I hadn’t heard of Fresh Cards before, but this looks lovely.

I’ve used Anki over the years to great effect with second language learning and am fully bought into the paradigm, but I do find Anki quite clunky as a piece of software. Fresh Cards seems like it’s designed specifically in response to that.

Does this use a similar repetition algorithm to Anki? Are there any obvious limitations versus Anki? What sort of UX differences would a long-term Anki user need to get comfortable with?

Would also be keen to hear from anyone here that’s used this.

biophysboy|3 years ago

I've been using spaced repetition software (Anki) to learn Japanese. Community decks are really powerful for the basics, but personal decks are unavoidable later on.

For language learning, there are flash card generators that make this a simple one-click process. I think these strike the right balance of simplicity & flexibility/personalization. Of course, a tool like this relies on a free database that you can map concepts onto. But I could see this sort of working with wikipedia or some documentation.

pastram_i|3 years ago

Is anki the solution you imagine? https://apps.ankiweb.net/ Or is there a use case that anki doesn’t solve?

p-christ|3 years ago

Anki public decks are usually too low quality to be useful unfortunately

segh|3 years ago

https://quantum.country/ teaches quantum computing as essays with embedded flashcards, as a new "mnemonic medium". I wonder if there is a market for context plus flashcards. What if books came with their own spaced repetition decks?

cfu28|3 years ago

At least coming from the medical school perspective - there is a huge culture of using shared Anki decks built off of popular board review books and courses so you can read a chapter/finish a section in some course and immediately jump to Anki to do the corresponding flashcards.

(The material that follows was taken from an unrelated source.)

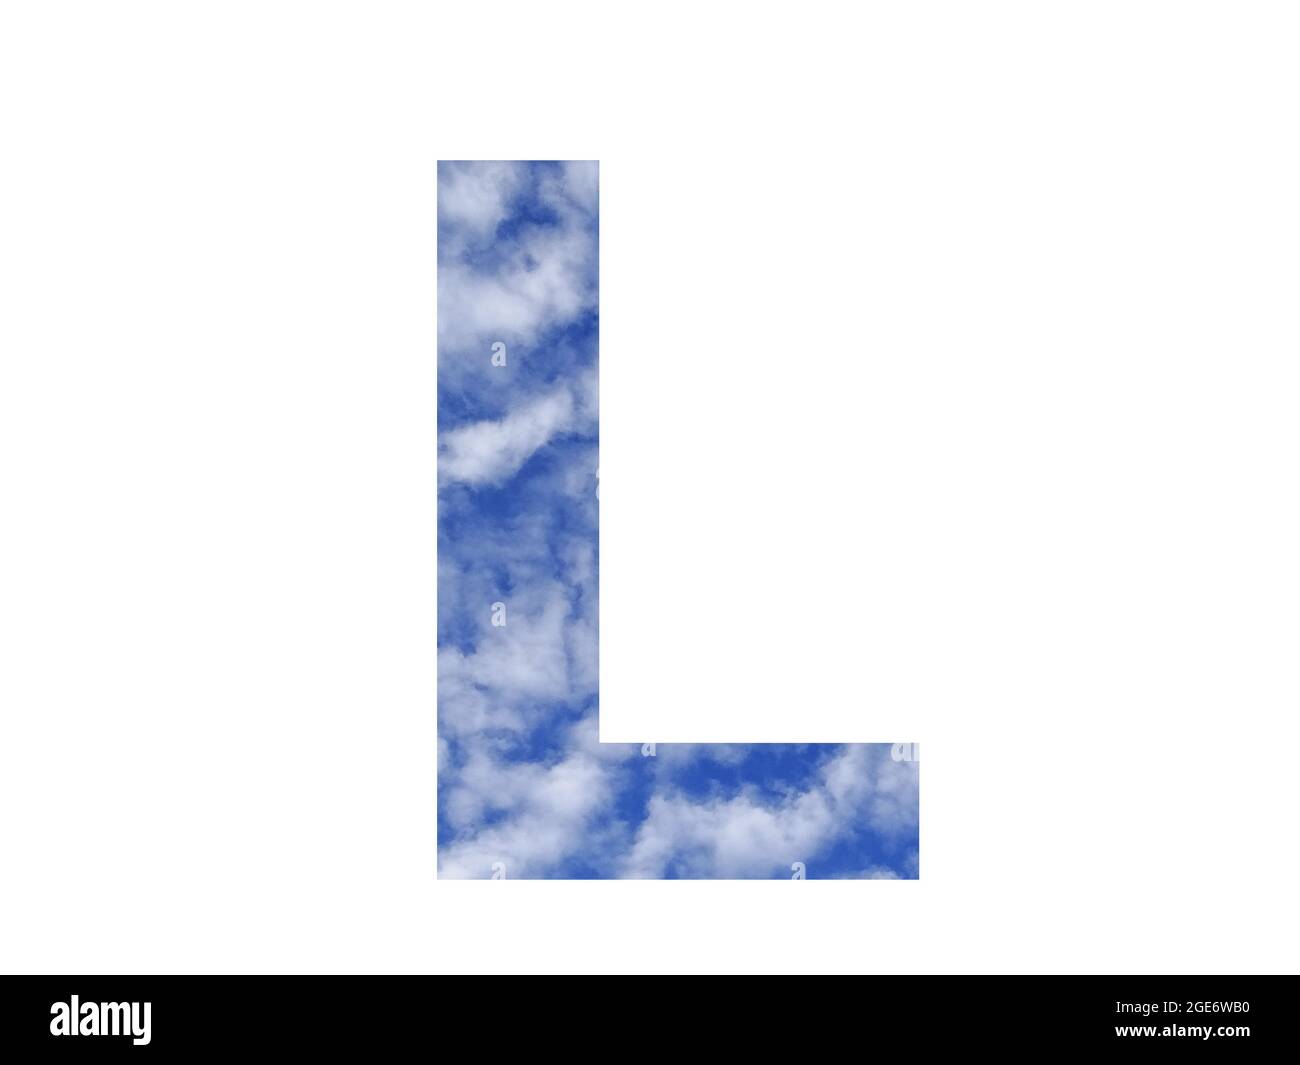 Lettera L dell'alfabeto fatta con cielo blu e nuvole bianche, isolata su sfondo bianco Foto Stock
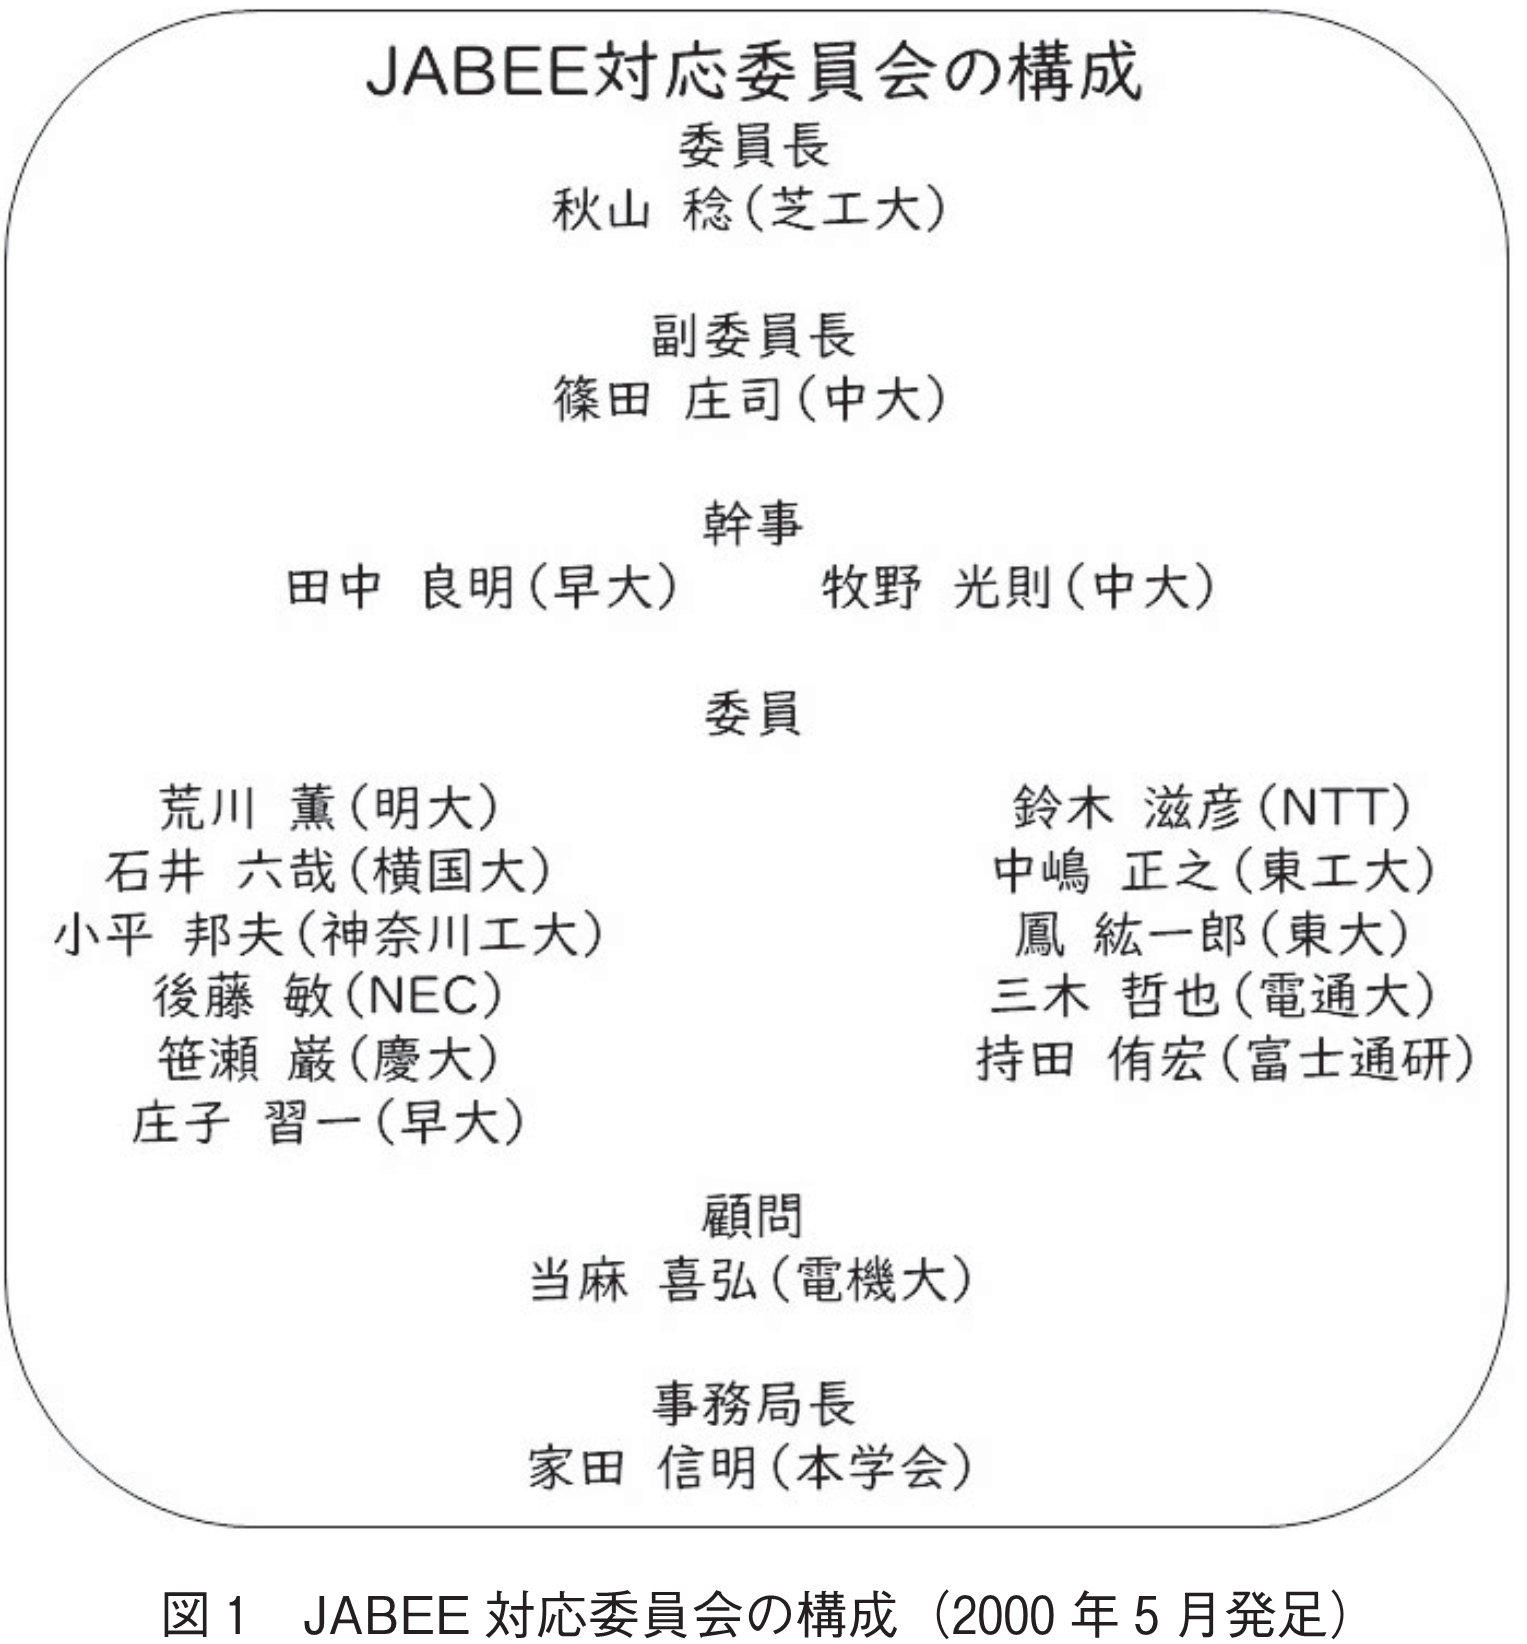 図1　JABEE対応委員会の構成（2000年5月発足）

It's gotten so popular that now theres a shared 30,000k card deck called AnKing that a lot of students use. The deck itself is free, but the curators of the deck recently launched a new paid service to automatically update the deck as new cards from the community are added: https://www.reddit.com/r/medicalschoolanki/comments/rb62m6/a...

p-christ|3 years ago

I completely agree. We’ve started building that on Save All and will be going more in that direction in future.

The Anki public decks are usually too low quality to be useful unfortunately

cfu28|3 years ago

I guess it depends on the community. AnKing's deck is the gold standard in medical education community despite being public.

belkarx|3 years ago

Another idea: decent, effective decks of cards exist for other platforms like Quizlet - just figure out how to convert them (there are apparently some extensions that do this as of now)

visarga|3 years ago

You might get more value from cards you write yourself. You should do that when you encounter the information.

an_aparallel|3 years ago

the point of spaced repetition - like Anki is to be involved with the creation process of the deck. Simply downloading it ready is not as effective.